Exercise: Omit all pictures. Quote only the lines from the one with "Symbolbild: Rekruten der Bundeswehr" through the end of the material below.

Dataset excerpt:
* * * * * * * * *
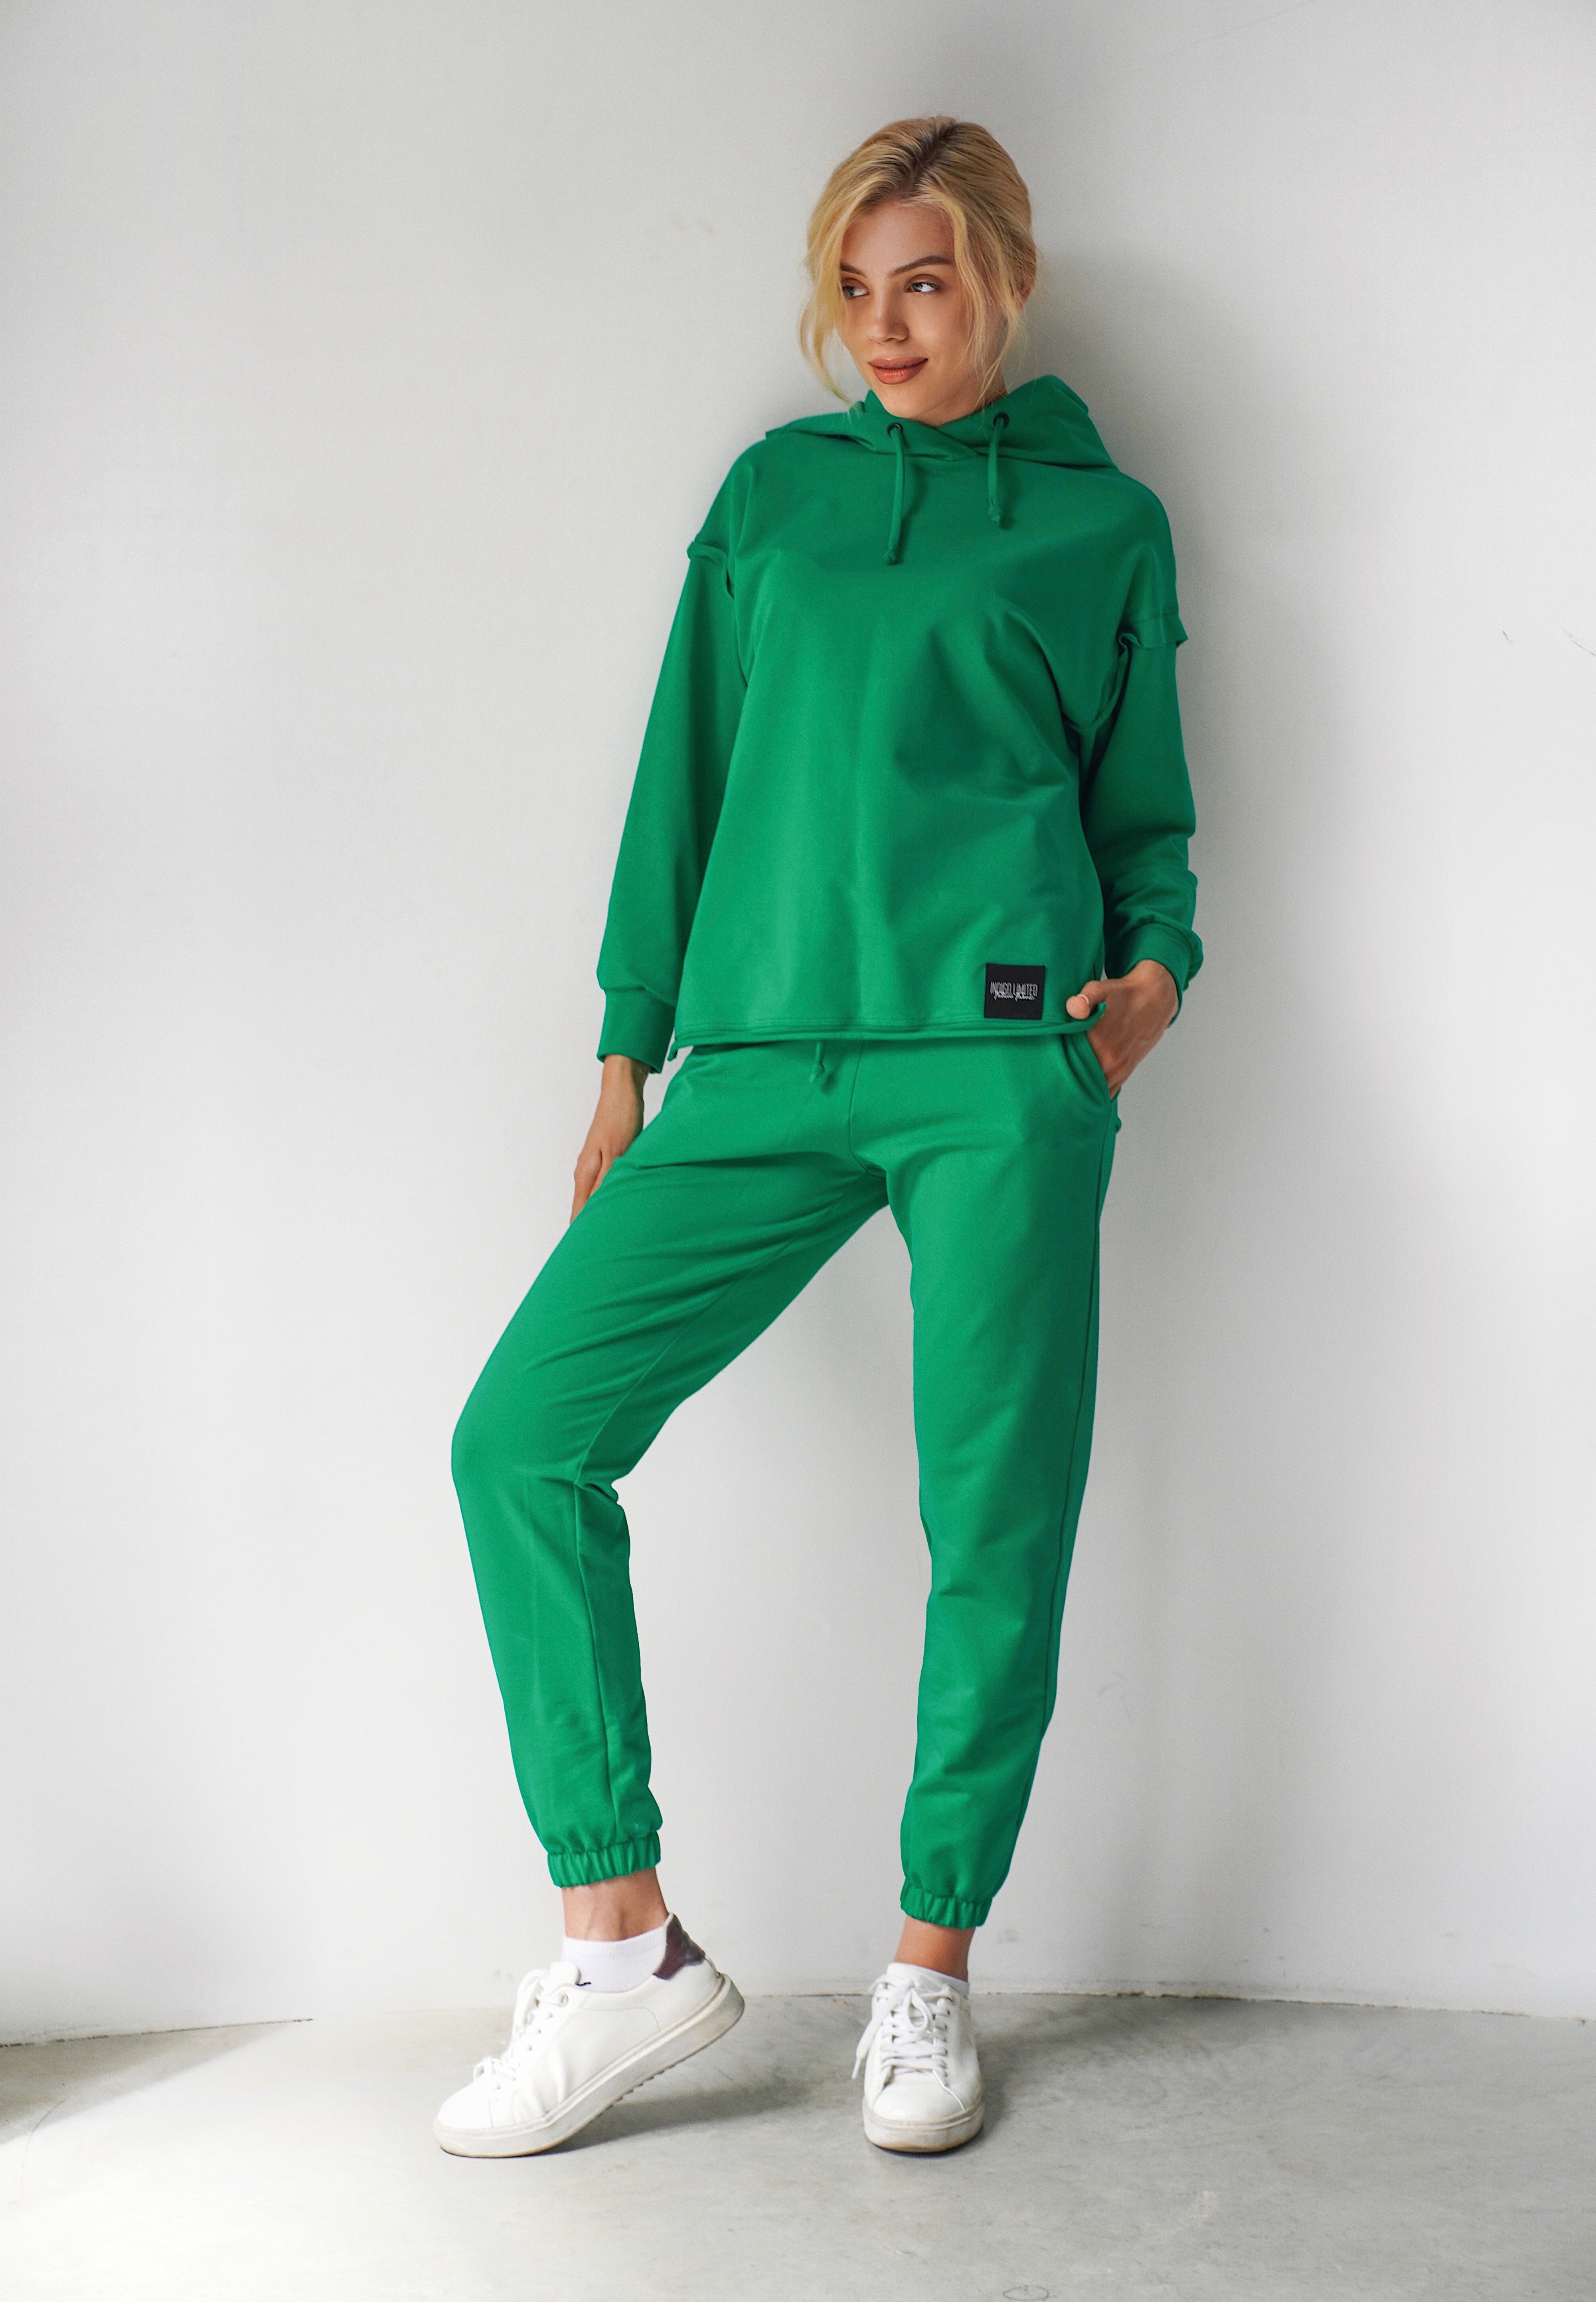 Жіночий літній спортивний костюм з капюшоном іndigo.limited ID 125 Зелений XXL
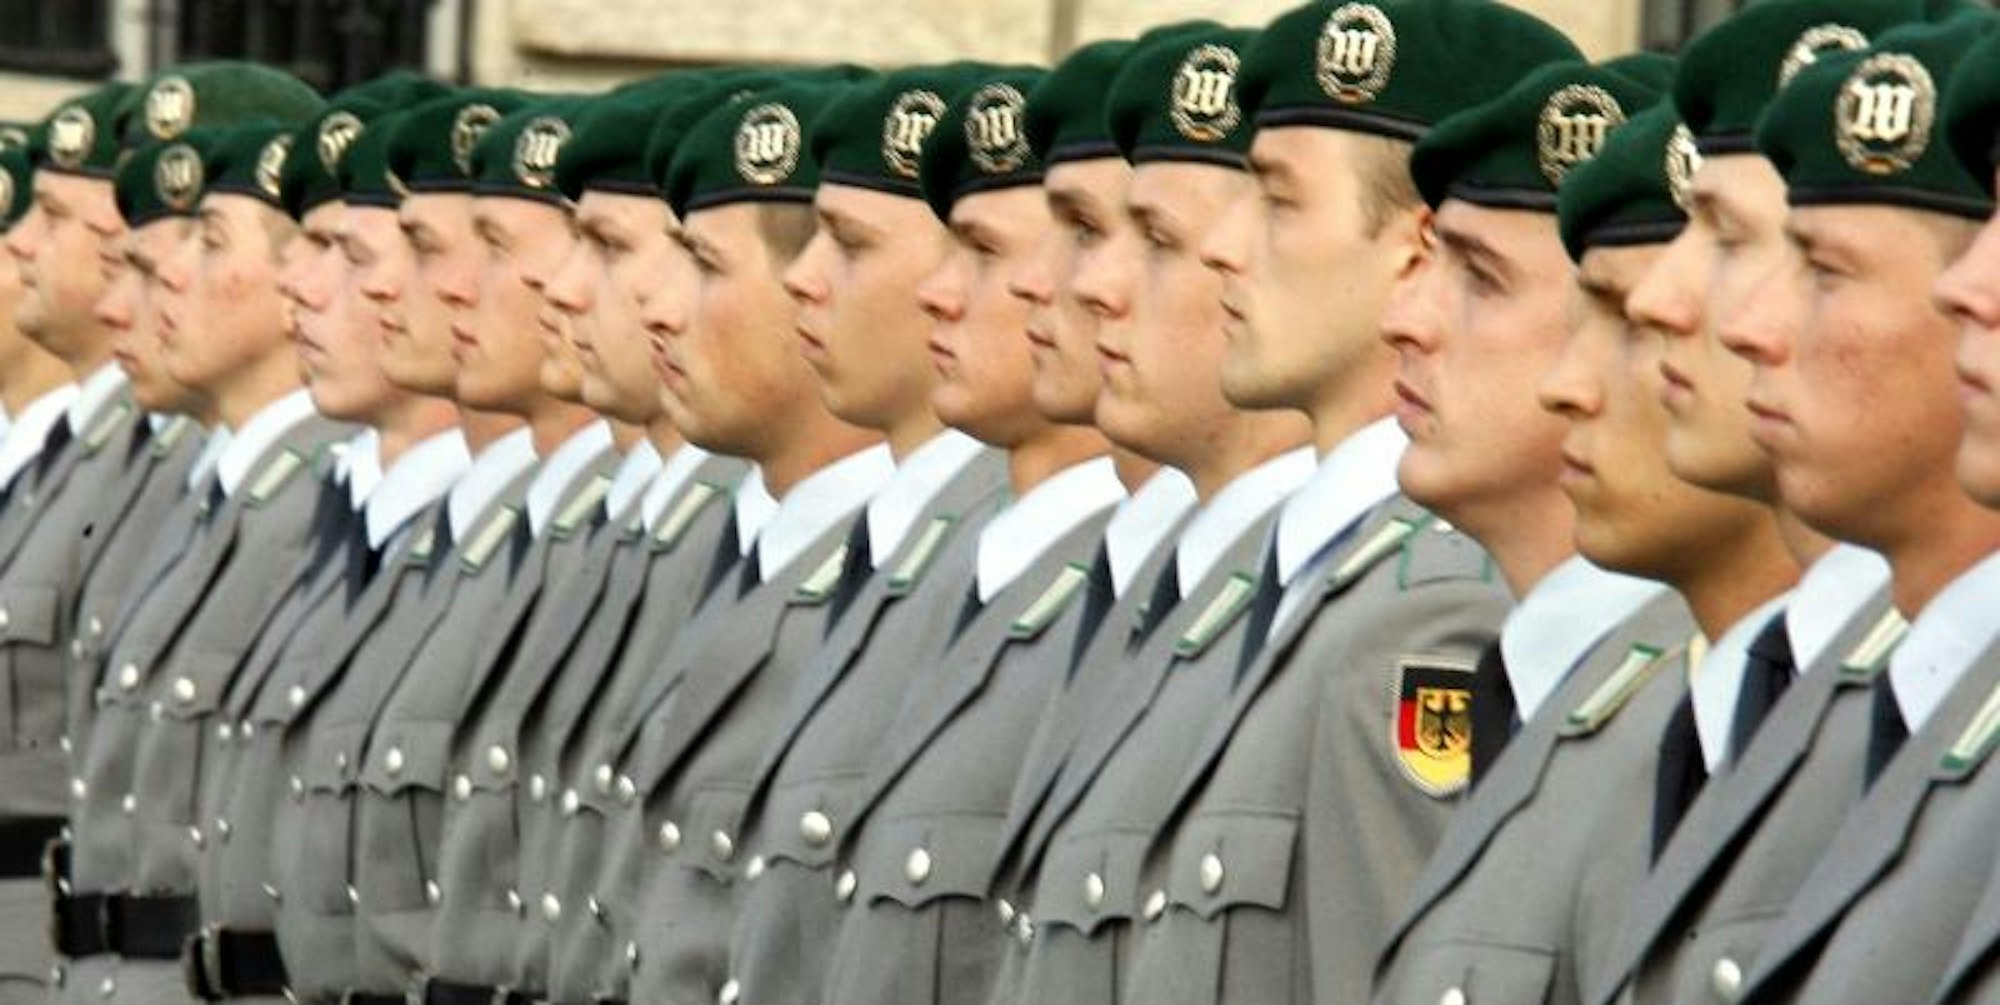 Symbolbild: Rekruten der Bundeswehr
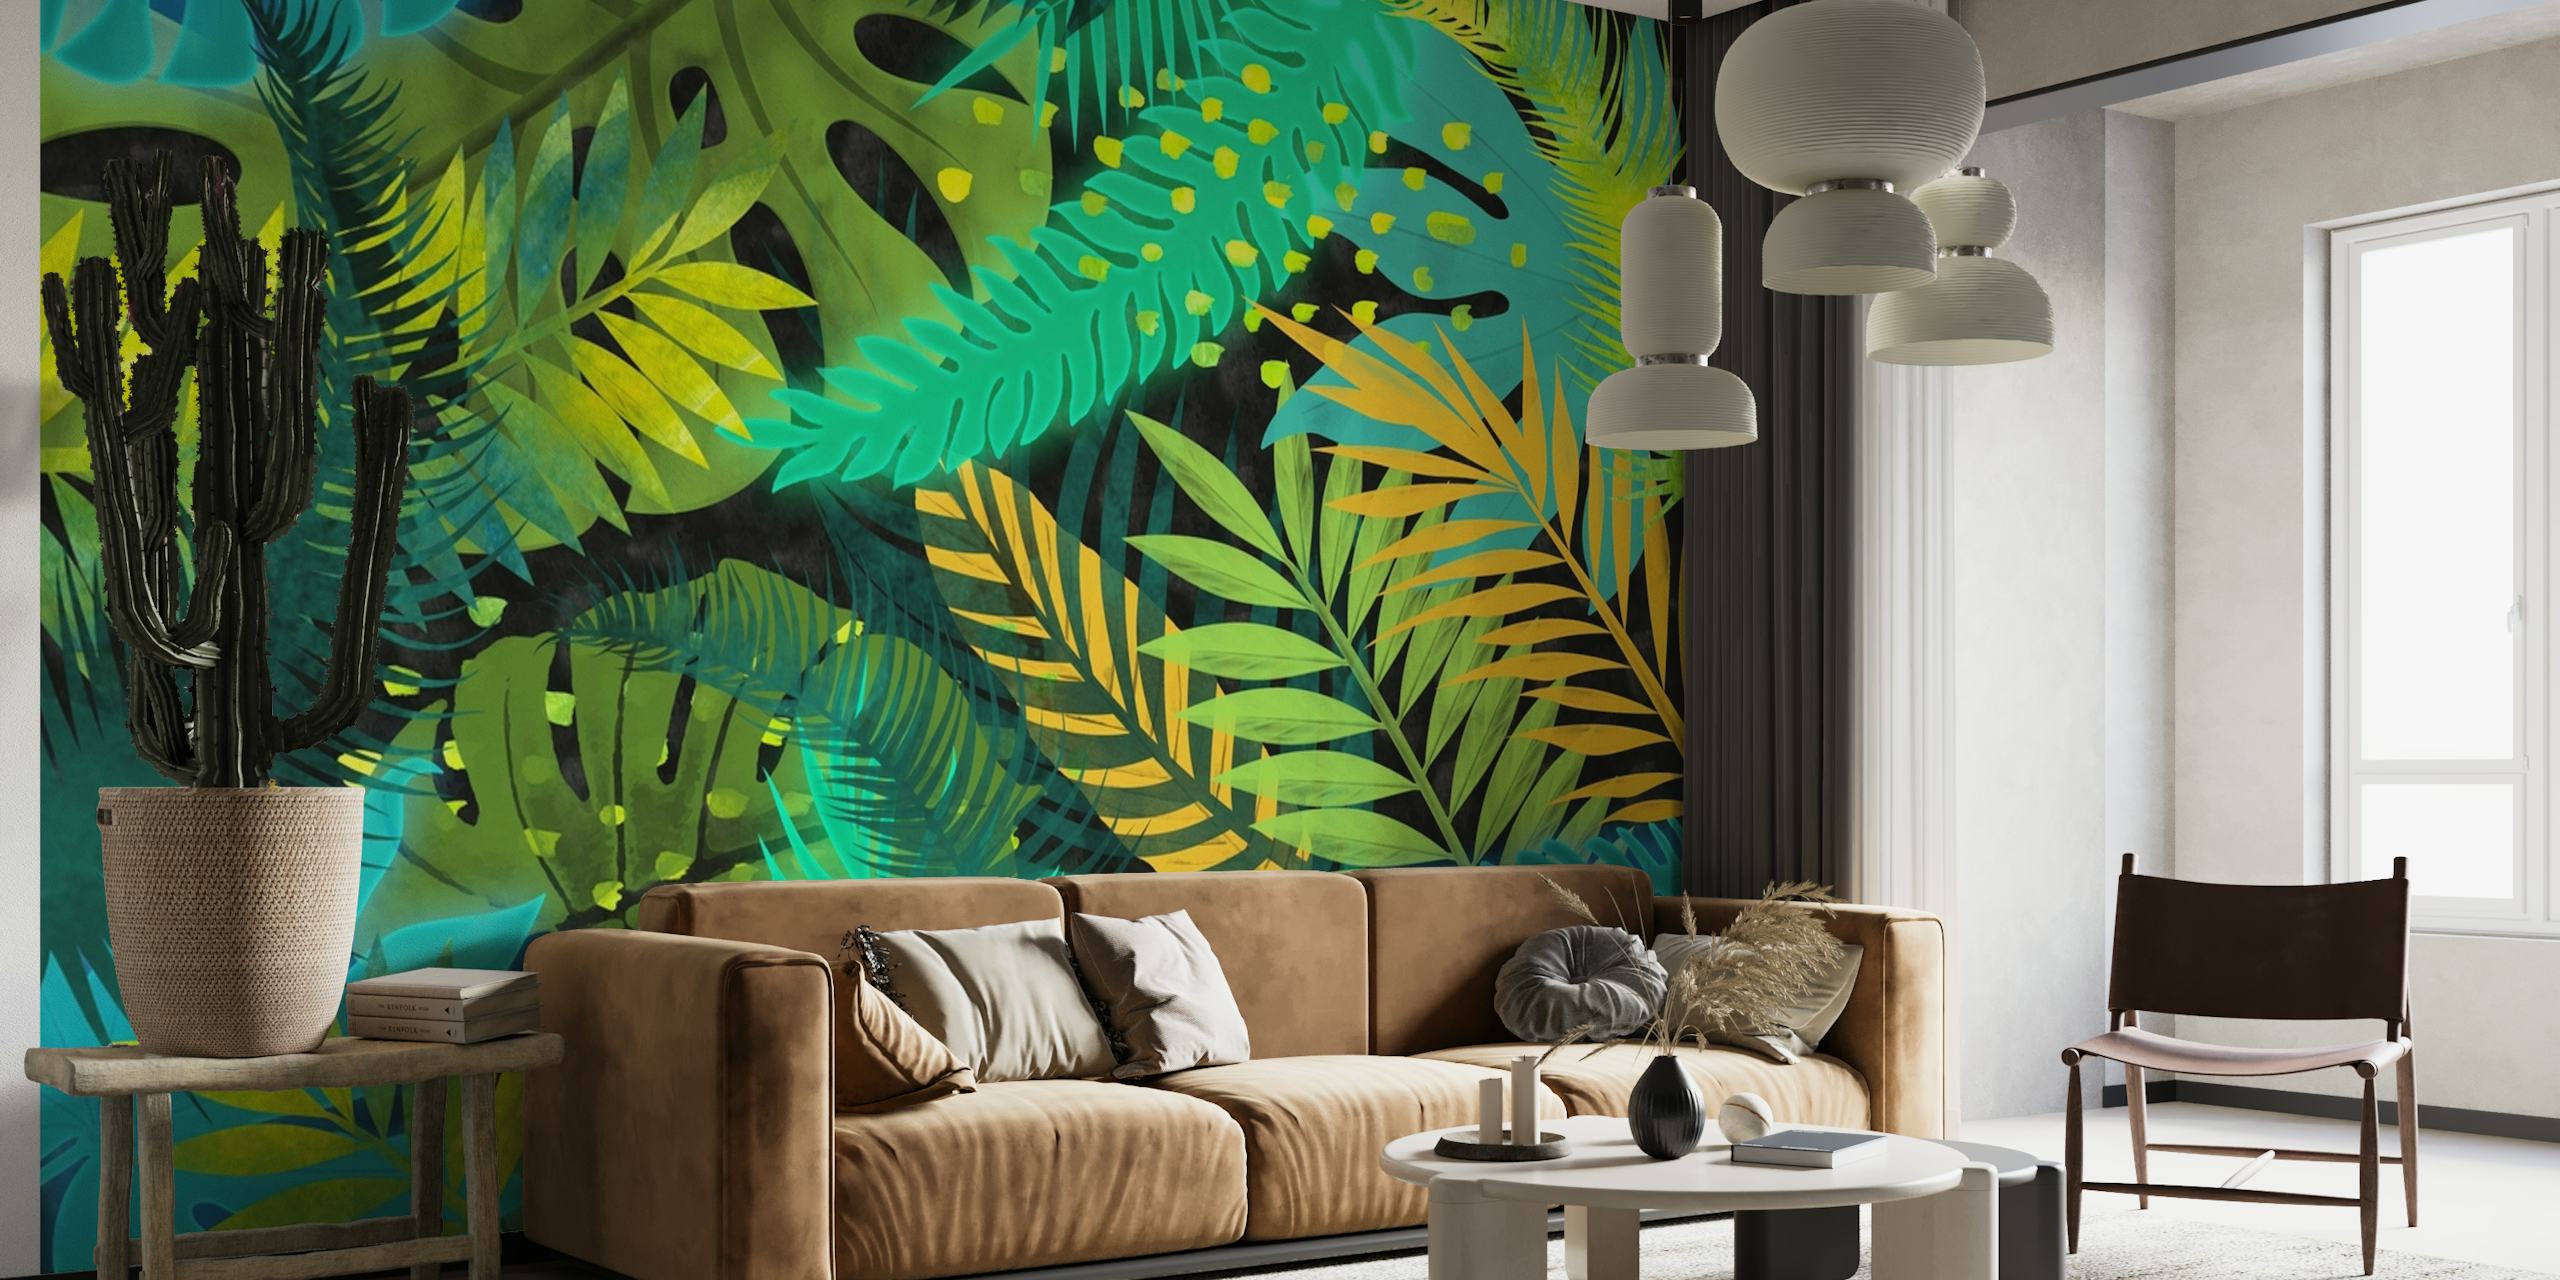 Zidna slika s tropskim lišćem s plavim, zelenim i žutim lišćem za unutarnje uređenje
* * * * * * * * *
Exercise answer:
 Symbolbild: Rekruten der Bundeswehr
 Zidna slika s tropskim lišćem s plavim, zelenim i žutim lišćem za unutarnje uređenje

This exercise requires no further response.